CITY CAR: The Kobot concept vehicle from Kowa-TMSUK is an idea for an electric vehicle that could ease congestion in a city centre or be used in environmentally sensitive tourist areas. The compact 1-seater ehicle can actually fold up for parking. The idea would be to have fleets of the vehicles available for hire at mass parking lots on the periphery of the city. Or just own your own. Gizmag.
CABLE STRETCHES: As we humans move our skin and muscles stretch and contract to fit. Robots also need to stretch as they move, but the power cables they rely on are a fixed length. Roboden from Asahi Kasei Fibers is an elastic electrical cable that solves that problem as it stretches and contracts as needed. The technology is also available for USB and signal cables. Next: robot yoga. DigInfo News. Video here.
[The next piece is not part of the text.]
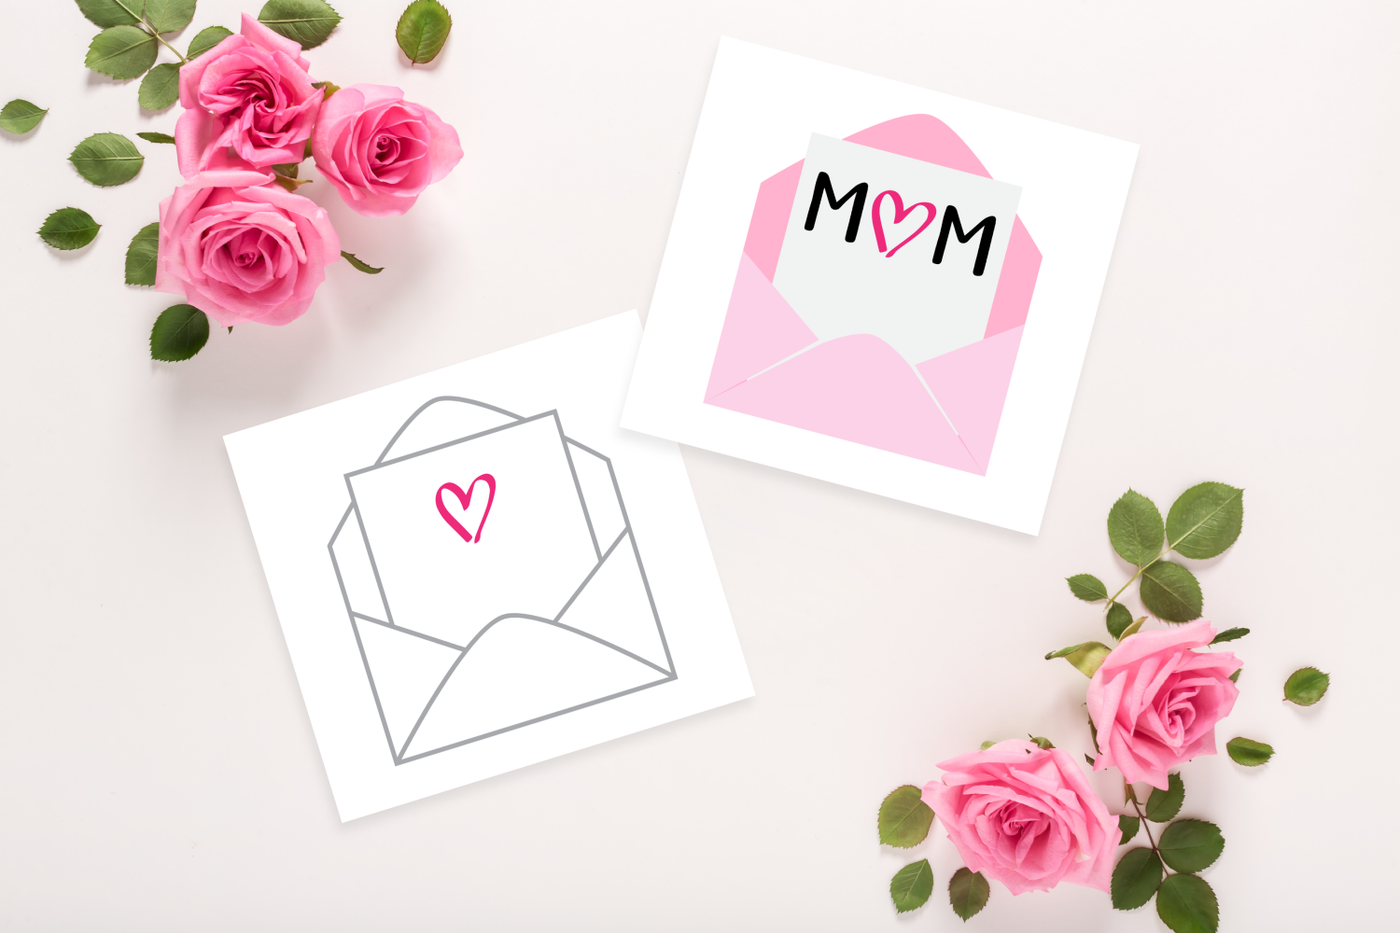 Mom envelope design

MODEL PHOTOS: Once upon a time a photo used to be able to prove
something. Now images are so easily altered we can't trust any of them. Computer scientists at Dartmouth College in the USA have created software that can indicate just how different an altered image is from an original. The software ignores global changes such as cropping, but instead can show that a person's body shape has been altered, for
example making a fashion model look slimmer. Perhaps it would be easier to just mark images that haven't been altered. Scientific American.
3D BONES: Researchers from Washington State University successfully used a 3D printer to create scaffolding for bone regrowth. A bone-like
material is printed and then new real bone grows around it. Eventually the printed scaffold dissolves away, leaving the actual bone in place. Before long doctors should be able to use this technique to help repair human bones. Printing human body parts seems to be a growth area. WSU has more, and there's video: here.
MEDICAL SMARTPHONE: The capacitive touchscreen on a smartphone is pretty sensitive. Scientists at the Korea Advanced Institute for
Science and Technology hope to use that sensitivity to analyse substances, for example, for medical purposes. For testing they used solutions of DNA from the bacteria that causes chlamydia. The screens were sensitive enough to detect differing levels of capacitance among the various solutions. In the real world there will need to be a way
to protect the screens, so the scientists are also developing a film for the screen that biological samples could be attached to. Imagine being able to do a quick and cheap analysis in countries where larger more expensive technology is very restricted or far away. New Scientist.